Le gouverneur du Maryland, Wes Moore, a déclaré l'état d'urgence, a-t-il annoncé sur X, anciennement Twitter. En conséquence immédiate, la navigation est bloquée sur cette route importante pour le trafic océanique entre l’Asie et la côte est-américaine mais aussi pour l'axe nord/sud, bien que le port ait perdu ces deux dernières années huit connexions avec l'Amérique du Sud. Logé dans une grande ville industrielle, à environ 60 km de Washington, il joue son rôle sur la côte Est.
Terminaux inaccessibles
La plupart des terminaux – cinq terminaux publics et douze privés –, seront donc inaccessibles. Parmi eux, le Seagirt Marine Terminal (exploité par Ports America Chesapeake dans le cadre d’un partenariat public-privé de 50 ans), stratégique pour le conteneur avec ses sept grues post-Panamax, et le Dundalk (13 postes d'amarrage, 4 grues à conteneurs et un accès ferroviaire direct), terminal polyvalent essentiel au trafic ro-ro et de marchandises diverses (notamment les bobines d'acier).
Le port de Baltimore (52,3 Mt, 80,8 Md$ en 2023), le plus profond de la baie de Chesapeake, est le neuvième port américain mais sa proximité avec le Midwest, où sont localisés les principaux fabricants d'équipements et machines agricoles, en fait la première plateforme du pays pour le trafic des moissonneuses-batteuses, tracteurs et autres engins agricoles (1,3 Mt) et pour l'importation de pelles et de tractopelles.
Il pèse aussi parmi les ports du continent nord-américain pour le volume de fret roulant et l'import et l'export de véhicules légers (847 158 unités l'an dernier).
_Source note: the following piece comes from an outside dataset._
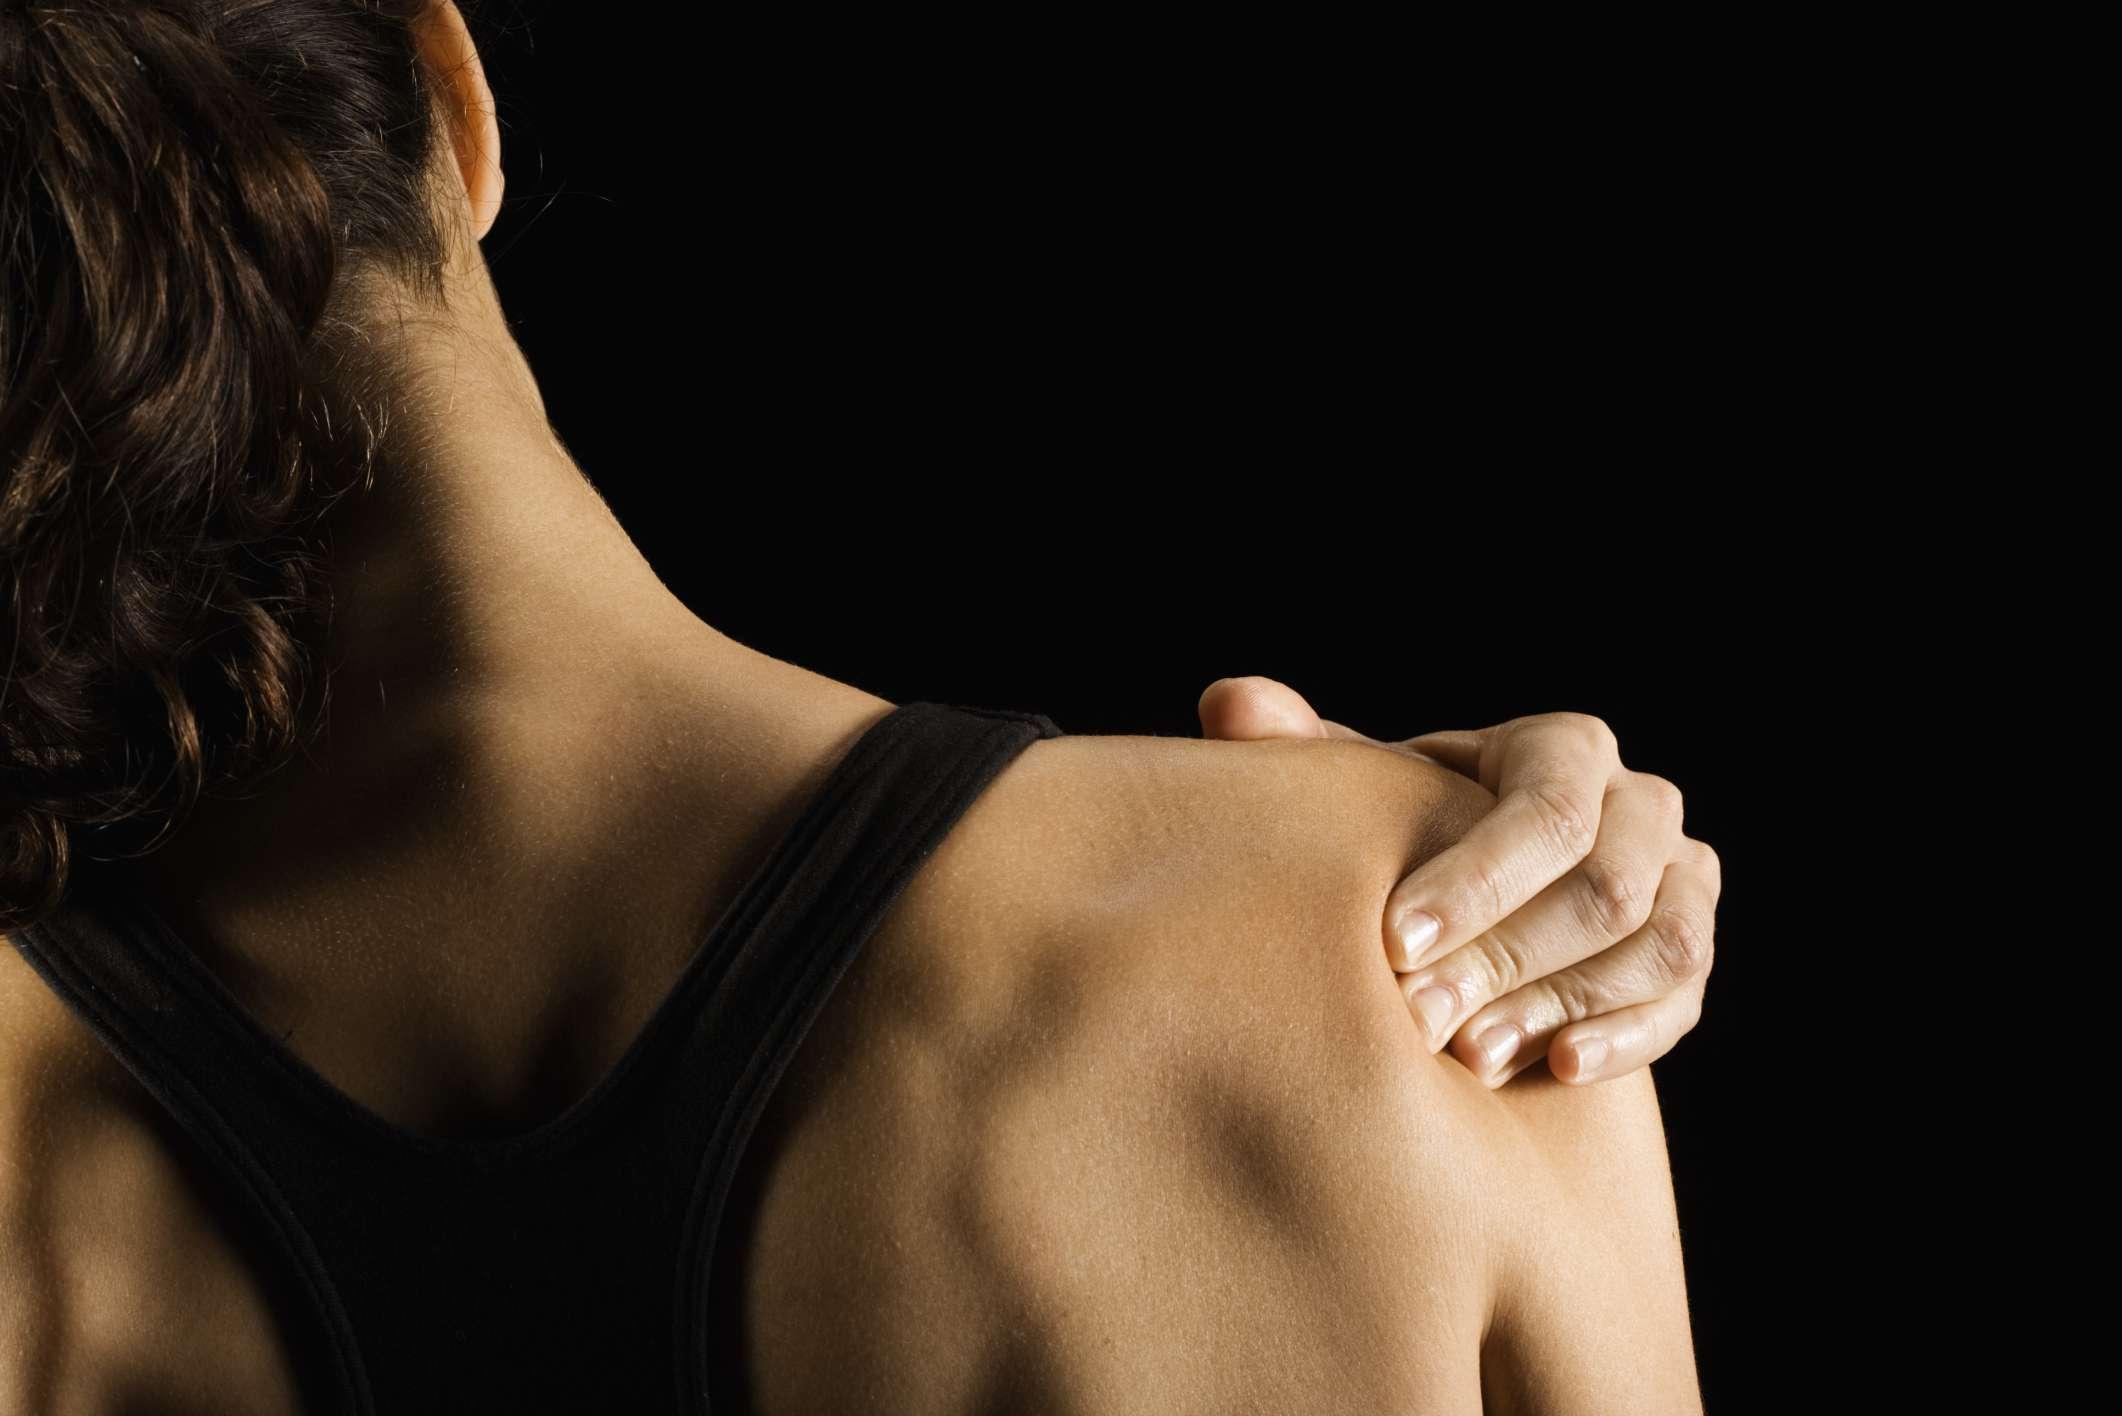 Women rubbing shoulder pain

Le premier armateur mondial de porte-voitures, le Norvégien Wallenius Wilhelmsen a choisi dernièrement le terminal de Dundalk pour en faire son hub sur la côte est-américaine.
Le port industriel est enfin le leader national pour le sucre et le gypse importés, au deuxième rang pour l'exportation de charbon et au sixième pour l'importation de café.
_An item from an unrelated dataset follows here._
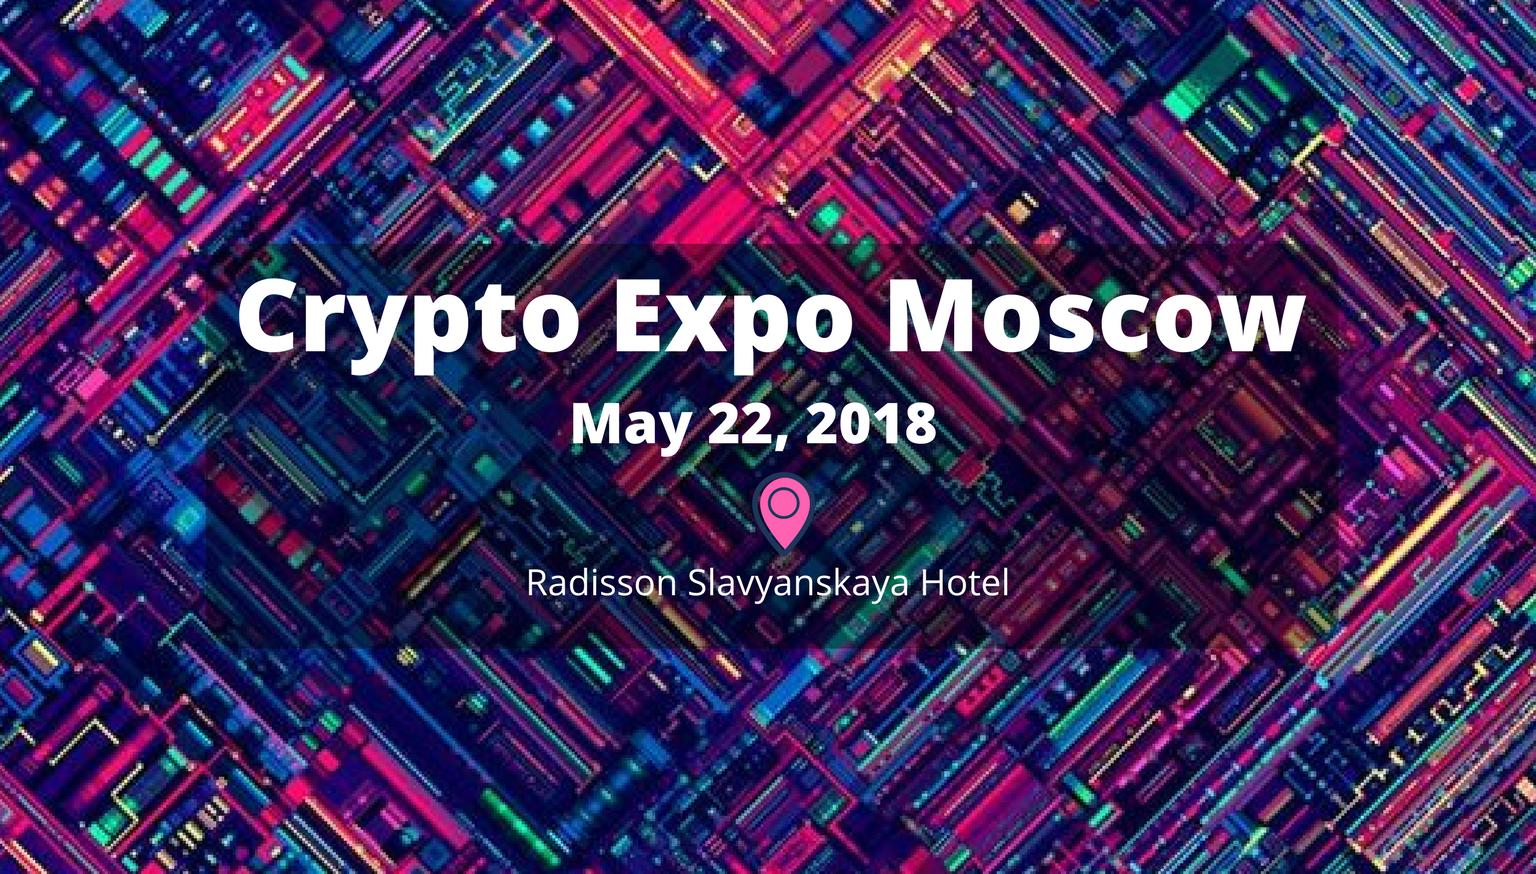 Crypto Expo

Escale sur les lignes Est-Ouest
Avec son tirant d’eau de 15,2 m, il est une escale pour les lignes Est-Ouest, ayant gagné en intérêt depuis l'élargissement du canal de Panama en 2016, qui a permis aux ports de la côte atlantique d’accueillir des navires plus grands, souvent en provenance d’Asie. En 2023, le port a traité 1,1 MEVP.
En août 2023, témoignant de ses capacités, il a accueilli le plus grand porte-conteneurs jamais traité, l'Evergreen Ever Max, un porte-conteneurs de 15 432 conteneurs EVP de 165 350 tpl, après avoir enregistré en juin le plus grand nombre de mouvements (6 383) pour un navire avec le Maersk Eindhorn.
Des perturbations à venir
L’événement intervient à un moment particulièrement délicat pour la côte est-américaine, dont l’accès est contraint par les restrictions en cours dans le Canal de Panama pour ne pas aggraver son déficit hydrique.
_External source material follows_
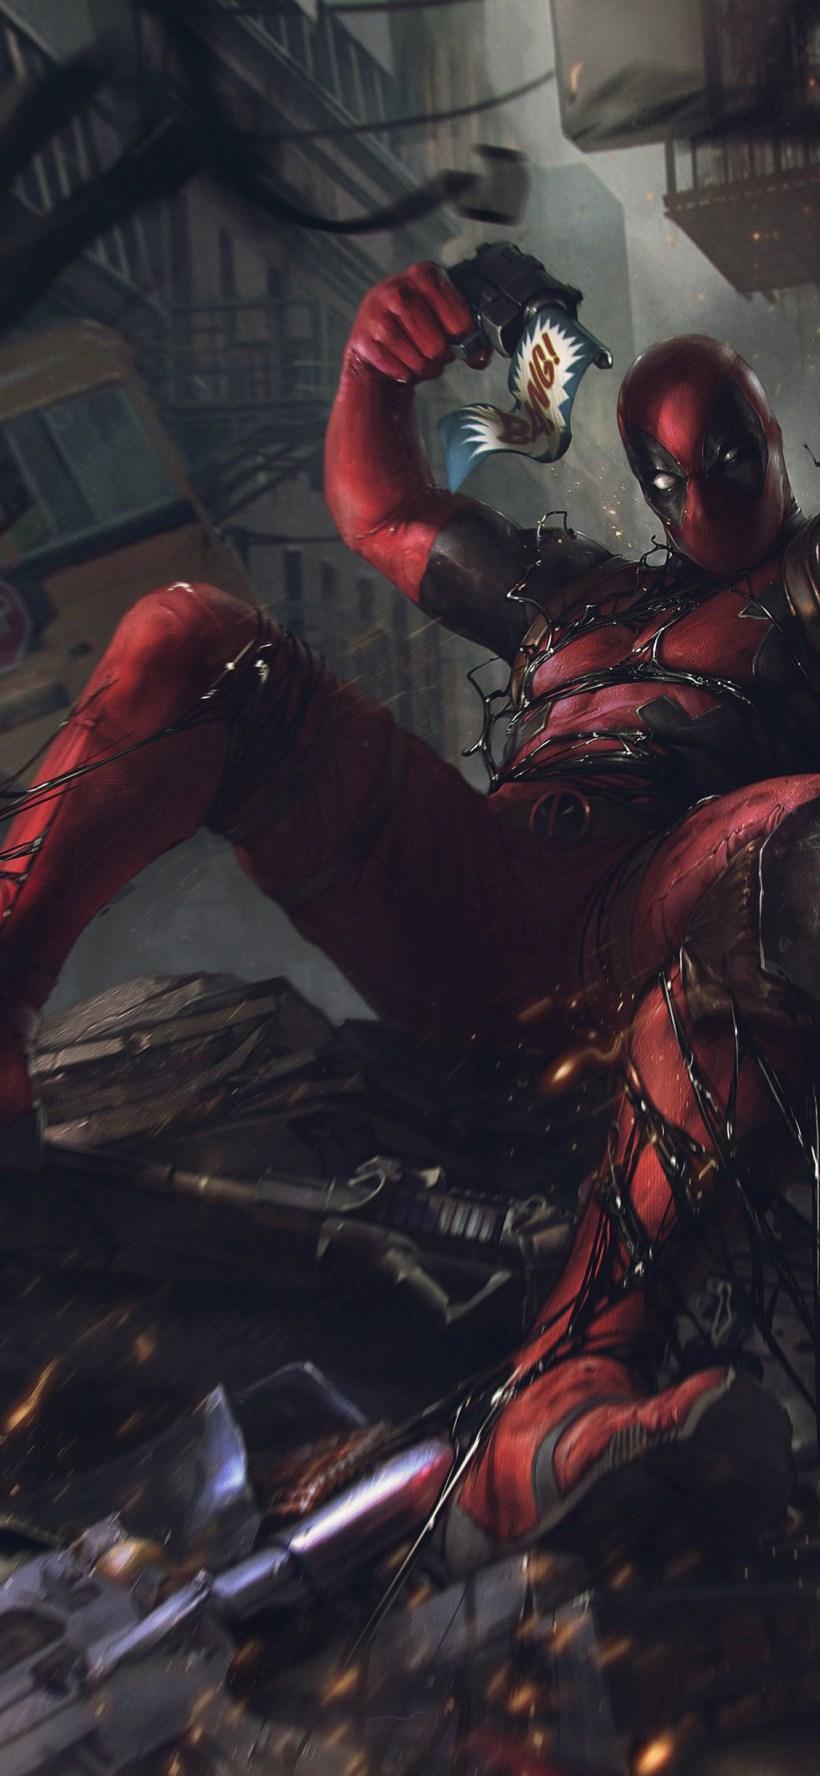 Deadpool Wallpaper 4k Best Hd Wallpaper

Il survient en outre alors que les échanges vont se tendre entre l’ILA, le syndicat représentant les 70 000 dockers et l’USMX, représentant les manutentionnaires des 36 ports côtiers de la côte. L’ ancienne convention régissant les droits et devoirs de part et d'autre arrive à expiration en septembre. Or, les négociations sont tendues en raison de désaccords profonds sur les augmentations de salaires et l'automatisation, selon le média Freight Waves.
Les mêmes enjeux ont bloqué les pourpalers de la côte ouest qui se sont éternisés pendant 13 mois avant que les deux parties prenantes apposent leur paraphe sur une convention collective en juin 2023 après des semaines de grève.
Les ports américains sur le chemin de la reprise
Depuis le début de l'année 2024, la consommation a repris outre-Atlantique et s'accompagne d'une croissance significative des volumes dans les principaux ports américains, après une période difficile de 15 mois postpandémiques, en particulier sur la côte Ouest.
Au plus fort des perturbations mondiales, les chargeurs ont privilégié les places portuaires des côtes de l'Est et du Golfe afin de contourner les problèmes logistiques de l'Ouest. Toutefois, les tendances récentes indiquent un retour aux préférences d'avant la pandémie.